接下来看一下condition_variable_any的核心实现:wait
template<typename lock_type>
void wait(lock_type& m)
{
int res=0;
{
thread_cv_detail::lock_on_exit<lock_type> guard;
detail::interruption_checker check_for_interruption(&internal_mutex,&cond);
guard.activate(m);
res=pthread_cond_wait(&cond,&internal_mutex);
this_thread::interruption_point();
}
if(res)
{
boost::throw_exception(condition_error());
}
}
首先看一下lock_on_exit:
namespace thread_cv_detail
{
template<typename MutexType>
struct lock_on_exit
{
MutexType* m;
lock_on_exit():
m(0)
{}
void activate(MutexType& m_)
{
m_.unlock();
m=&m_;
}
~lock_on_exit()
{
if(m)
{
m->lock();
}
}
};
}
代码很简单,实现了在调用activate时将传入的lock解锁,在该变量生命期结束时将guard的lock加锁。接下来的detail::interruption_checker check_for_interruption(&internal_mutex,&cond);是什么意思呢?From /boost/thread/pthread/thread_data.hpp
class interruption_checker
{
thread_data_base* const thread_info;
pthread_mutex_t* m;
bool set;
void check_for_interruption()
{
if(thread_info->interrupt_requested)
{
thread_info->interrupt_requested=false;
throw thread_interrupted();
}
}
void operator=(interruption_checker&);
public:
explicit interruption_checker(pthread_mutex_t* cond_mutex,pthread_cond_t* cond):
thread_info(detail::get_current_thread_data()),m(cond_mutex),
set(thread_info && thread_info->interrupt_enabled)
{
if(set)
{
lock_guard<mutex> guard(thread_info->data_mutex);
check_for_interruption();
thread_info->cond_mutex=cond_mutex;
thread_info->current_cond=cond;
BOOST_VERIFY(!pthread_mutex_lock(m));
}
else
{
BOOST_VERIFY(!pthread_mutex_lock(m));
}
}
~interruption_checker()
{
if(set)
{
BOOST_VERIFY(!pthread_mutex_unlock(m));
lock_guard<mutex> guard(thread_info->data_mutex);
thread_info->cond_mutex=NULL;
thread_info->current_cond=NULL;
}
else
{
BOOST_VERIFY(!pthread_mutex_unlock(m));
}
}
代码面前,毫无隐藏。那句话就是此时如果有interrupt,那么就interrupt吧。否则,lock传入的mutex,也是为了res=pthread_cond_wait(&cond,&internal_mutex);做准备。
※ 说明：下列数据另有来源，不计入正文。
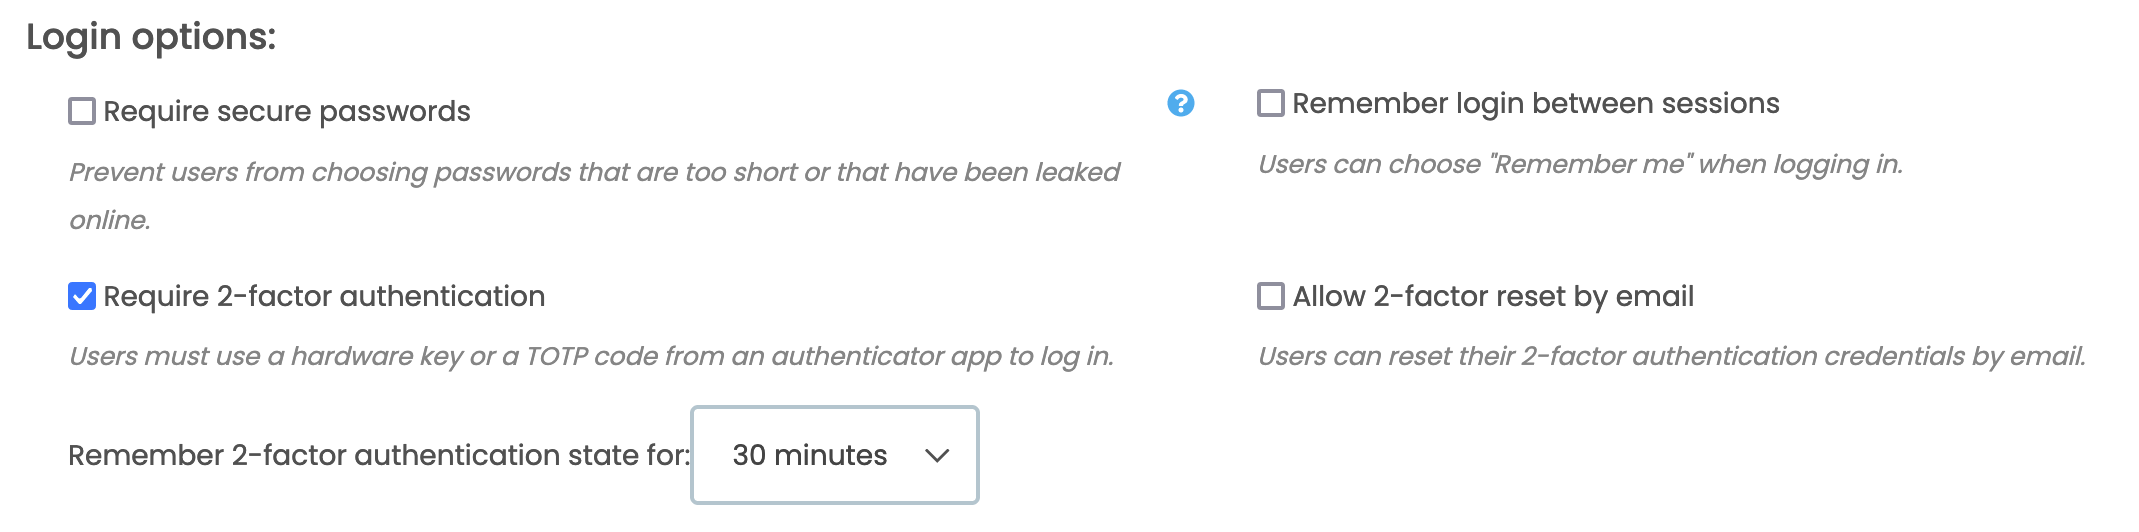 Remember two-factor authentication state
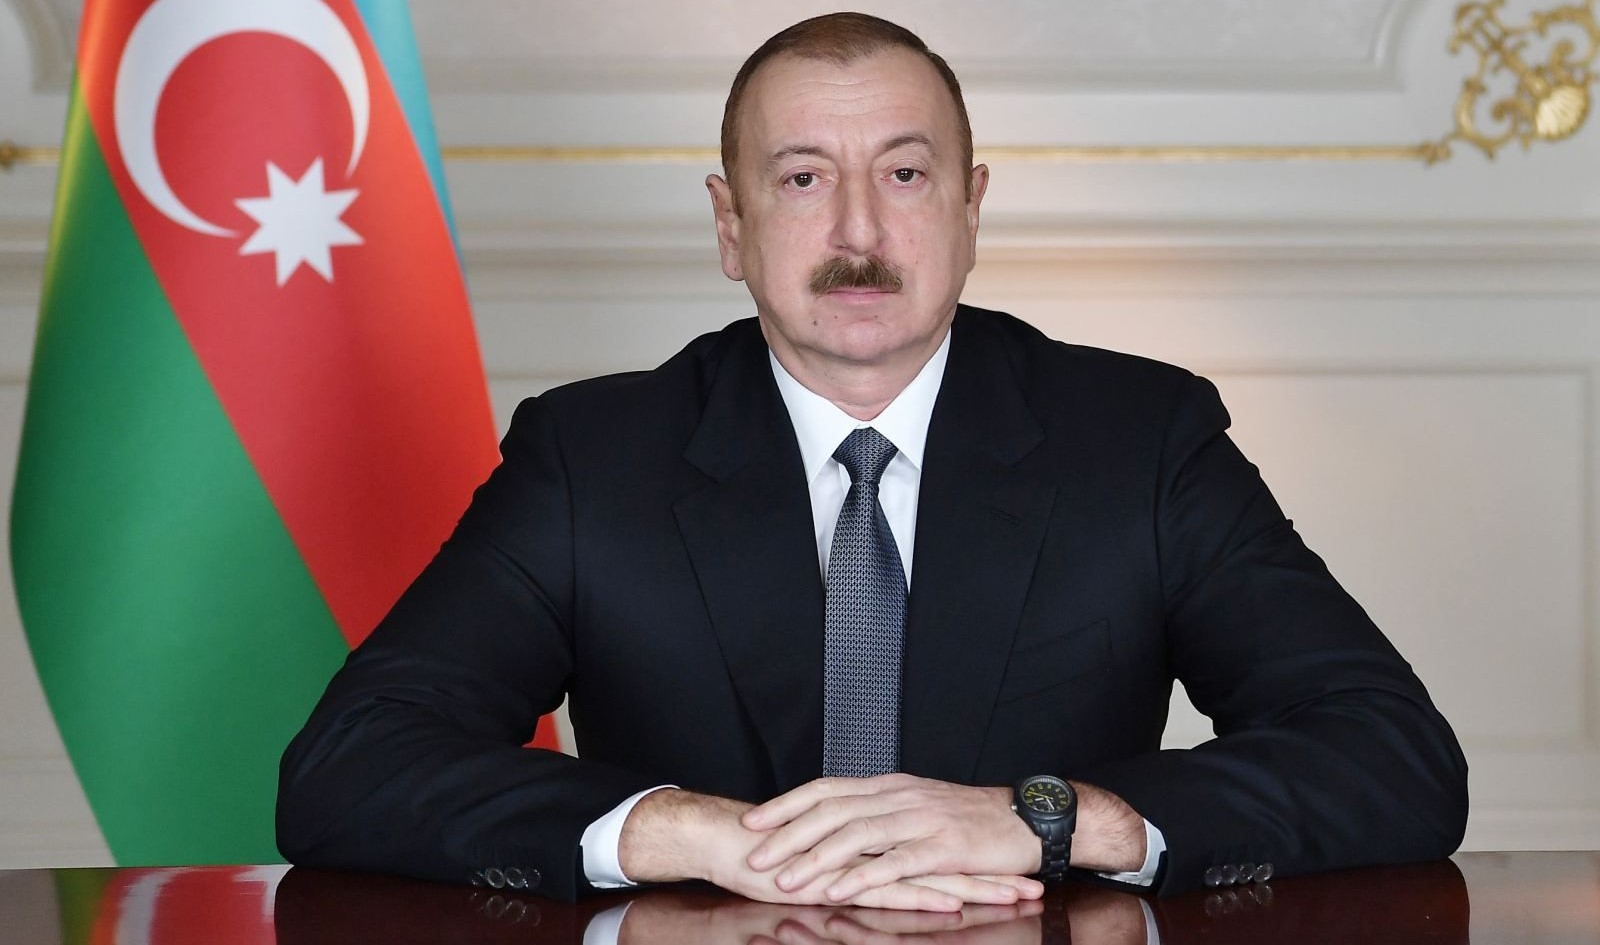 Presidents of Azerbaijan and Türkiye participated in opening of new Air Force Central Command Post

关于线程的中断点,可以移步《【Boost】boost库中thread多线程详解5——谈谈线程中断》。
对于boost::mutex,大家可以使用同样的方法去解读boost的实现,相对于condition variable,mutex的实现更加直观。代码路径:/boost/thread/pthread/mutex.hpp。
namespace boost
{
class mutex
{
private:
mutex(mutex const&);
mutex& operator=(mutex const&);
pthread_mutex_t m;
public:
mutex()
{
int const res=pthread_mutex_init(&m,NULL);
if(res)
{
boost::throw_exception(thread_resource_error());
}
}
~mutex()
{
BOOST_VERIFY(!pthread_mutex_destroy(&m));
}
void lock()
{
int const res=pthread_mutex_lock(&m);
if(res)
{
boost::throw_exception(lock_error(res));
}
}
void unlock()
{
BOOST_VERIFY(!pthread_mutex_unlock(&m));
}
bool try_lock()
{
int const res=pthread_mutex_trylock(&m);
if(res && (res!=EBUSY))
{
boost::throw_exception(lock_error(res));
}
return !res;
}
typedef pthread_mutex_t* native_handle_type;
native_handle_type native_handle()
{
return &m;
}
typedef unique_lock<mutex> scoped_lock;
typedef detail::try_lock_wrapper<mutex> scoped_try_lock;
};
}
boost对于pthread_mutex_t和pthread_cond_t的封装,方便了开发者的使用的资源的安全有效管理。当然,在不同的公司,可能也都有类似的封装,学习boost的源码,无疑可以加深我们的理解。在某些特定的场合,我们也可以学习boost的封装方法,简化我们的日常开发。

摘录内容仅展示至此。